This article was published on 13 February 2014 at indexoncensorship.org
Al-sabah al jadeed’s caricature of Ayatollah Khamenei (Image RFE/RL)
Independent Iraqi daily newspaper Al-Sabah Al-Jadeed has survived numerous attempts to destroy it over its 10 year existence. But on 10 February, the newspaper’s Baghdad office was bombed and now its future is in doubt. The daily may need to find a new office, employees are fleeing, and its website is facing one DoS attack after another.
Windows, furniture and equipment were damaged when a bomb went in front of the building at 4.30 am. Later that morning another bomb exploded not far from the newspaper, while an unexploded heavy C4 plastic explosive device was found inside the premises and dismantled by police. No one was injured or killed, as the office was empty – but some neighbours are suggesting that the newspaper should move.
A few hours later that same day a militia-like group entered the building. “They came threatening us in broad daylight, so to speak,” says Ismael Zayer, editor in chief. The group escaped after employees managed to warn the police.
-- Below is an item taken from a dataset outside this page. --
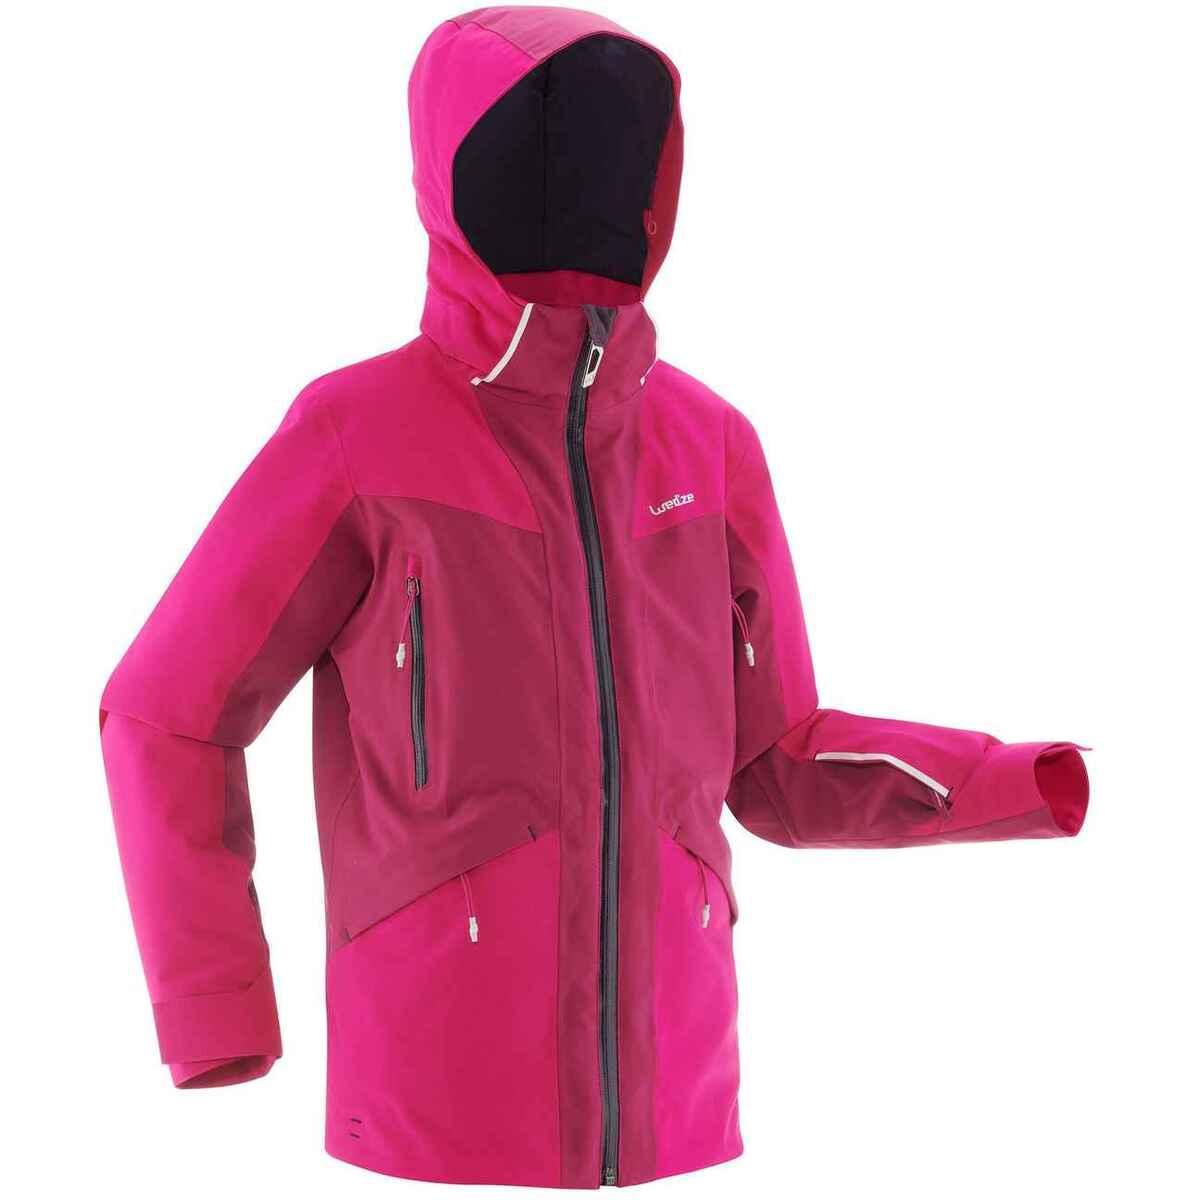 Bild 1 von Skijacke Piste 900 Kinder rosa/violett
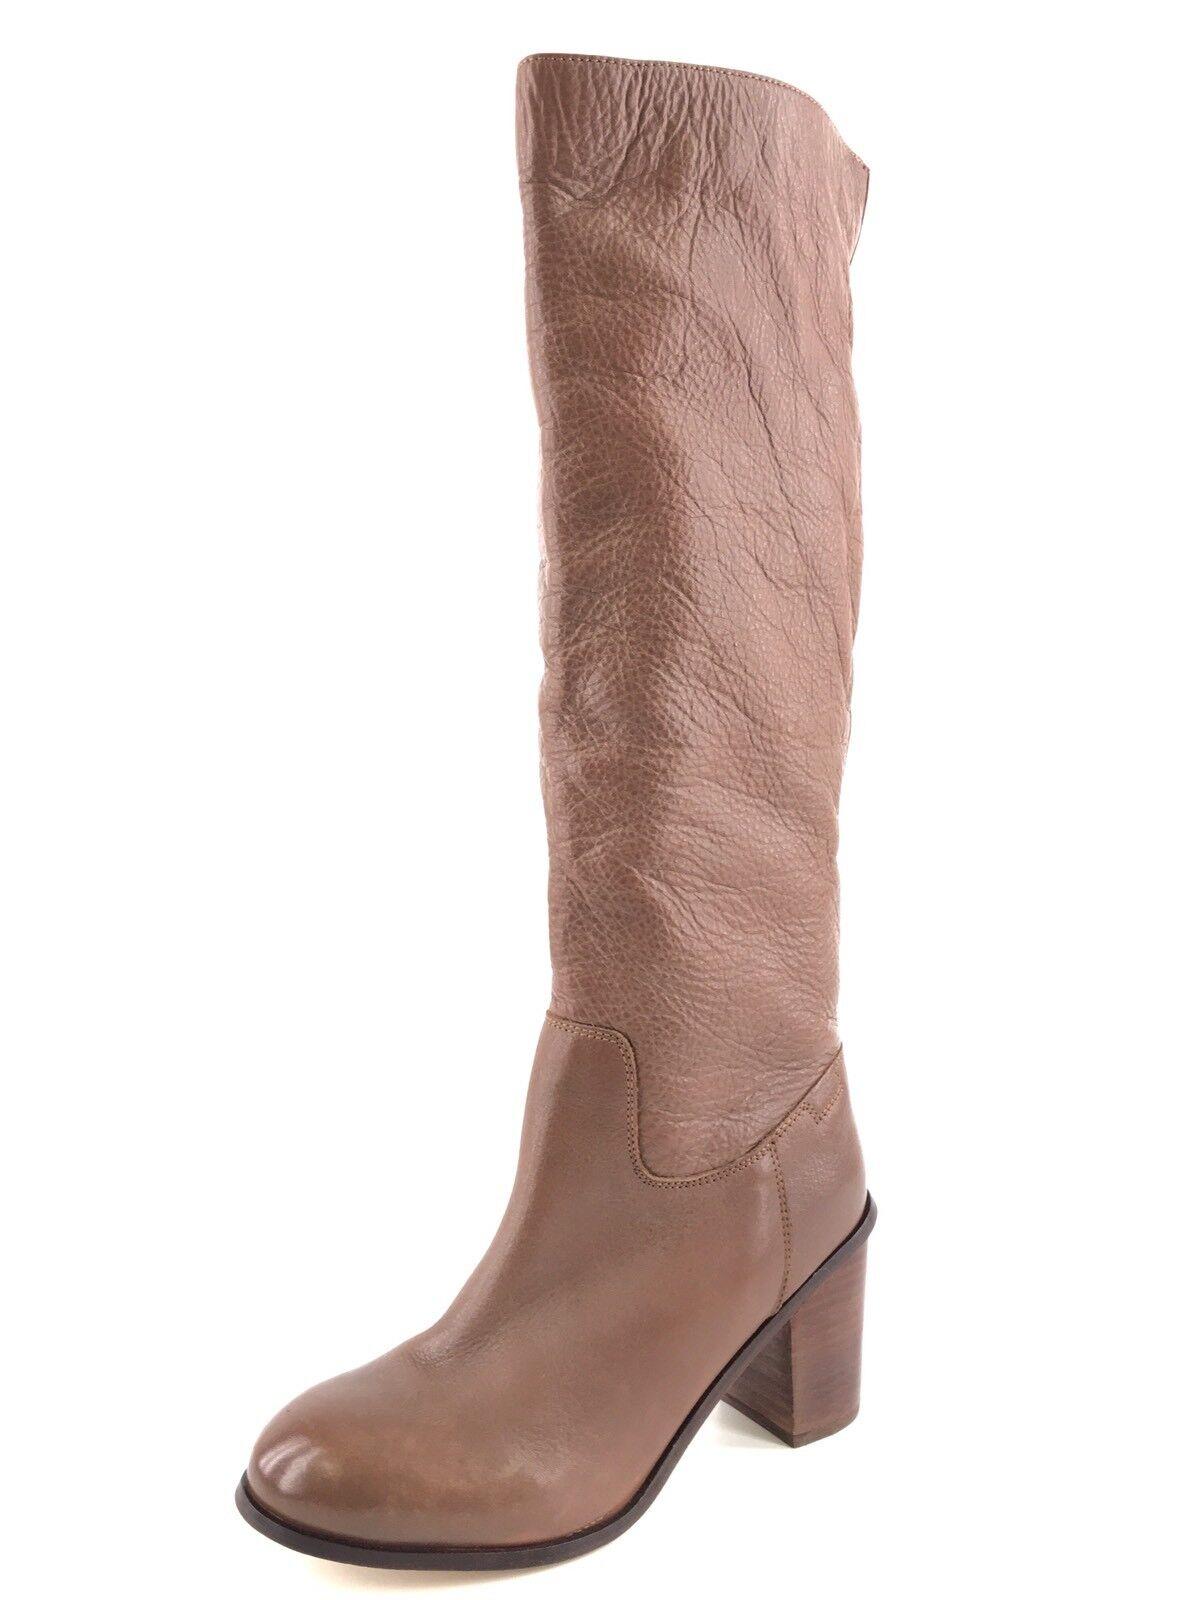 prima i clienti Seychelles Obsidian Marrone Leather Knee High stivali Donna Donna Donna  Dimensione 9 M  outlet

The bomb attacks followed a social media campaign to demand the closure of the newspaper after it published its weekly supplement Zad on 6 February. The supplement was devoted to the 35th anniversary of the Islamic Revolution in Iran and on the cover featured a caricature of Iran’s supreme leader, Ayatollah Ali Khamenei. The cover caricature is a tradition for Zad, a supplement that came into existence in the first months of the Arab Spring. Ahmed al-Rubaie, the newspaper’s cartoonist, has drawn hundreds of caricatures of political and religious figures, from Iraqi president Jalal Talabani, Najaf’s grand ayatollah Al-Sistani and prime minister Nouri al-Maliki to Nelson Mandela and other internationally known figures. These cartoons are never intended to be offensive or convey a negative message, they are just an alternative to uninteresting photos of VIPs.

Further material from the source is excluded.